2. The method for preparing the water treatment biomembrane with the bombyx mori planar silk as the substrate in the claim 1, wherein the thickness of the planar silk in the step 1) is 0.1-1 mm.

3. The method for preparing the water treatment biological membrane with the multi-layer duplex structure by using the plane silks of silkworms as the substrate according to claim 1, wherein CaCl in the step 2) is added₂The concentration of (A) is 15-20mmol/L, Na₂HPO₄The concentration of (A) is 10-12 mmol/L.

4. The method for preparing the water treatment biomembrane with the bombyx mori flat silk as the substrate in the multi-layer duplex structure of claim 1, wherein the aminopropyl triethoxysilane is 0.05-0.5% by volume in the solution in the step 3), and the tetraethyl silicate is 0.2-2% by volume in the solution.
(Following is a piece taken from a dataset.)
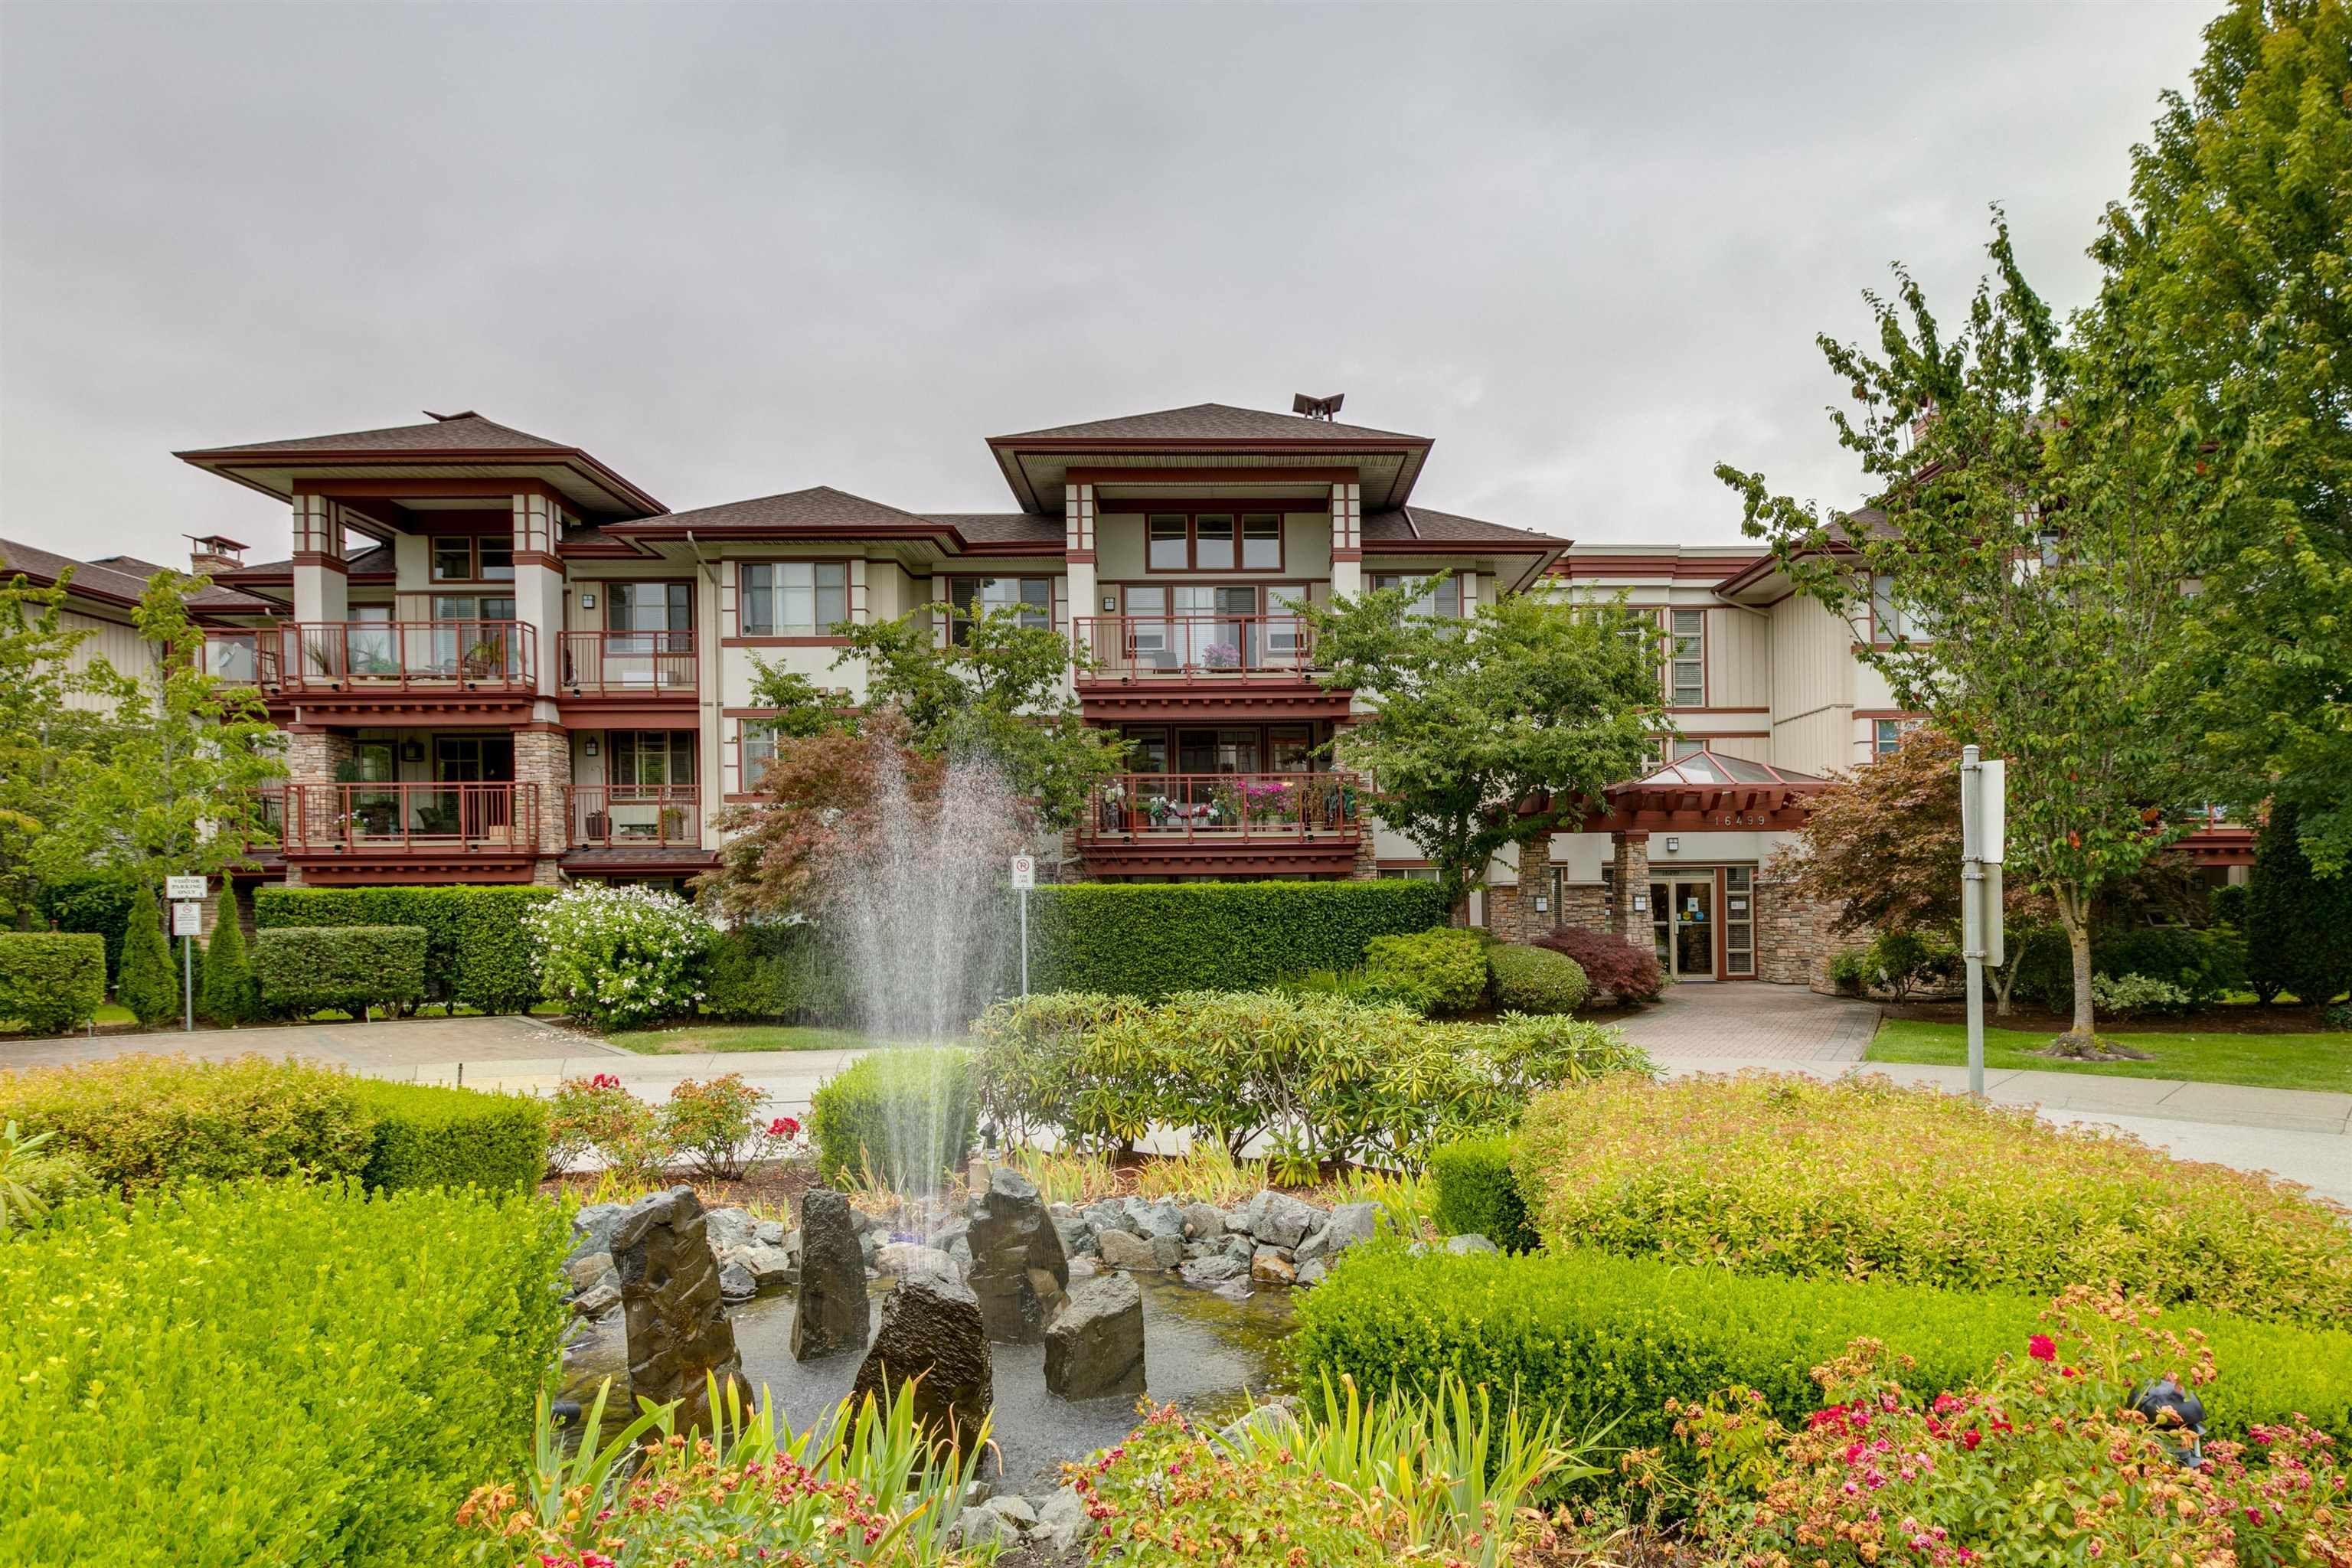 Main Photo: 210 16499 64 Avenue in Surrey: Cloverdale BC Condo for sale (Cloverdale)  : MLS®# R2610364

5. The method for preparing the water treatment biomembrane with the bombyx mori planar silk as the substrate and the multilayer duplex structure according to claim 1, wherein the mass percentage concentration of the silk fibroin solution in the steps 2) and 3) is 0.1-2%.

6. The method for preparing the water treatment biomembrane with the bombyx mori planar silk as the substrate and the multilayer duplex structure according to claim 1, wherein the silk fibroin solution in the steps 2) and 3) is replaced by silkworm silk fibroin, tussah silk fibroin sericin or starch, and cellulose water-soluble polymer solution.
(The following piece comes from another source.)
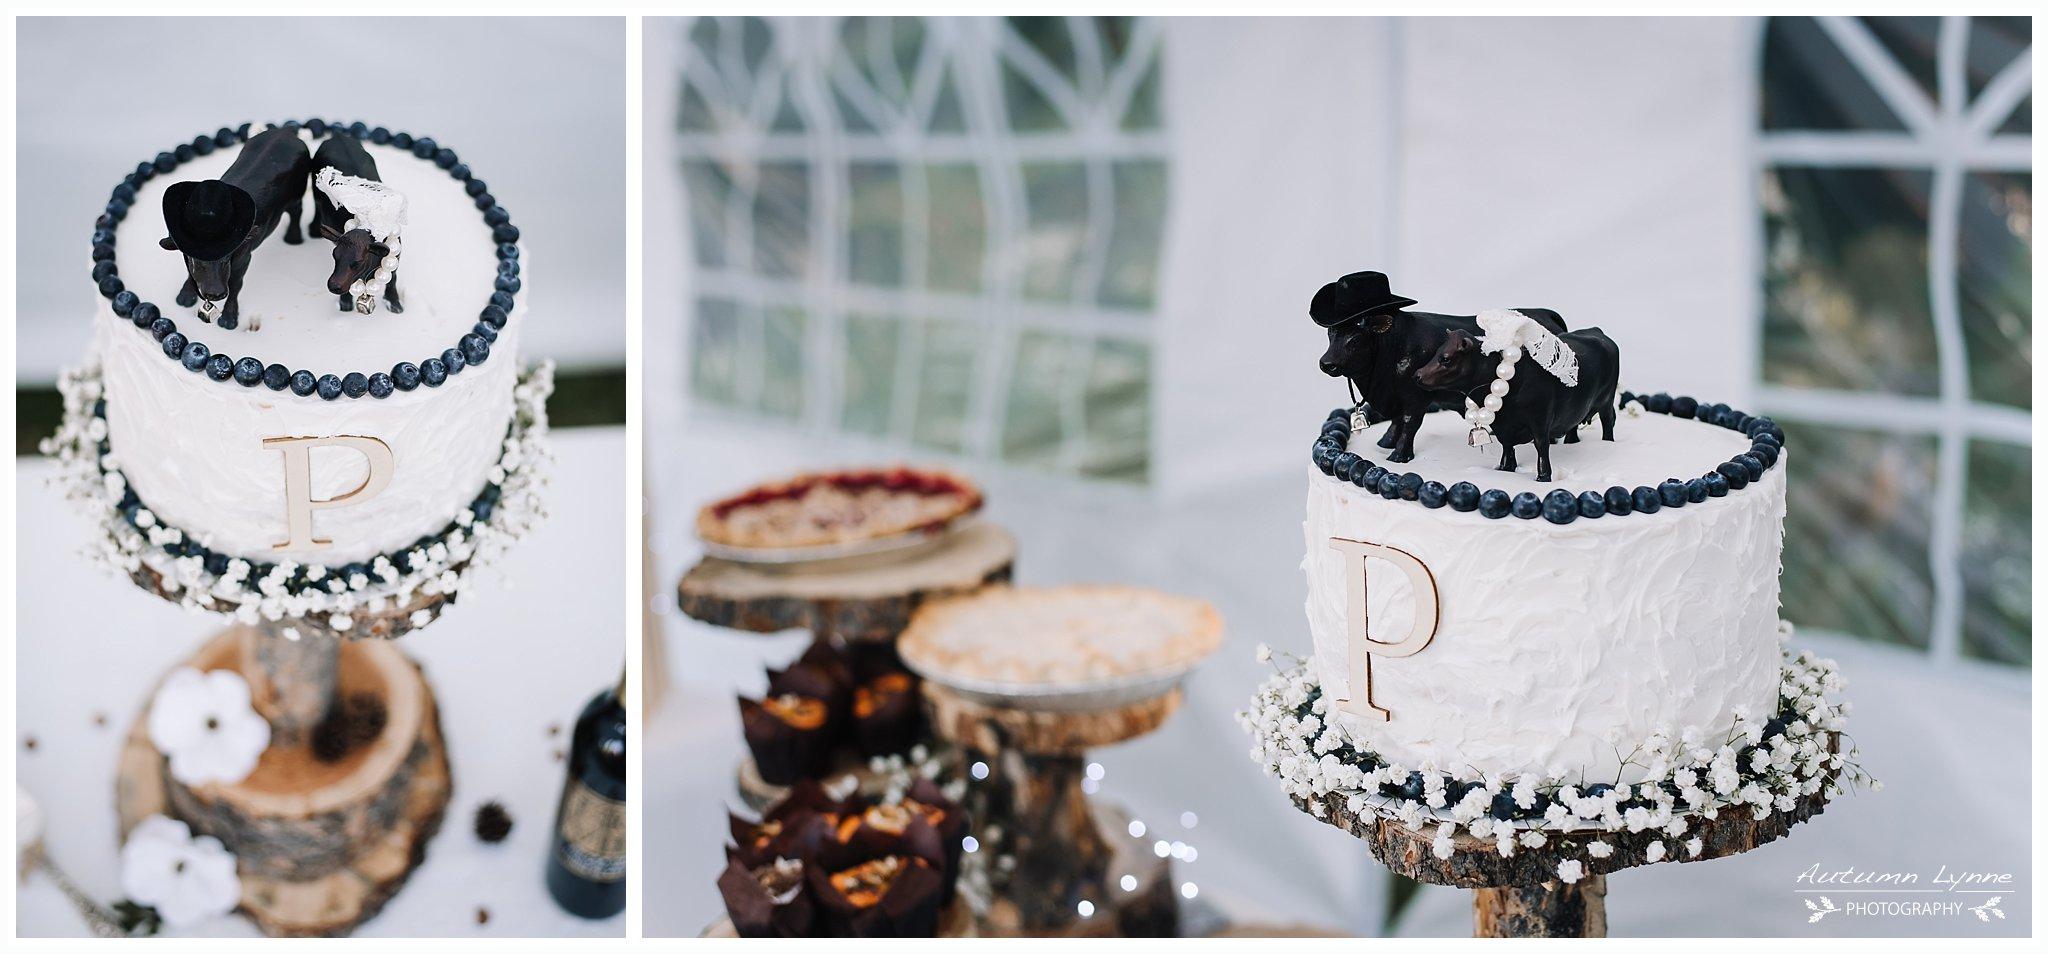 wedding cake details. Cow cake topper with blueberry edging. Country wedding cake.Idaho wedding photographers

7. The method for preparing the water treatment biological membrane with the multi-layer duplex structure by using the silkworm planar silk as the substrate according to claim 1, wherein the hydroxyapatite in the hydroxyapatite/silk fibroin composite solution of the step 2) is replaced by calcium carbonate.

8. The method for preparing the water treatment biomembrane with the bombyx mori planar silk as the substrate and the multilayer duplex structure built by the bombyx mori planar silk as the substrate in the claim 1, wherein the silica in the silica/silk fibroin mineralization solution of the step 3) is replaced by manganese dioxide nanoparticles or organic metal framework.

9. The method for preparing the water treatment biomembrane with the bombyx mori flat silk as the substrate in the multi-layer complex structure of claim 1, wherein the biomembrane with the multi-layer structure is obtained by circulating the steps 5) to 6).

10. The method for preparing the water treatment biomembrane with the bombyx mori flat silk as the substrate and the multilayer duplex structure according to claim 1, wherein the sewage treatment comprises the sewage treatment containing heavy metal ions, dyes and organic phenols.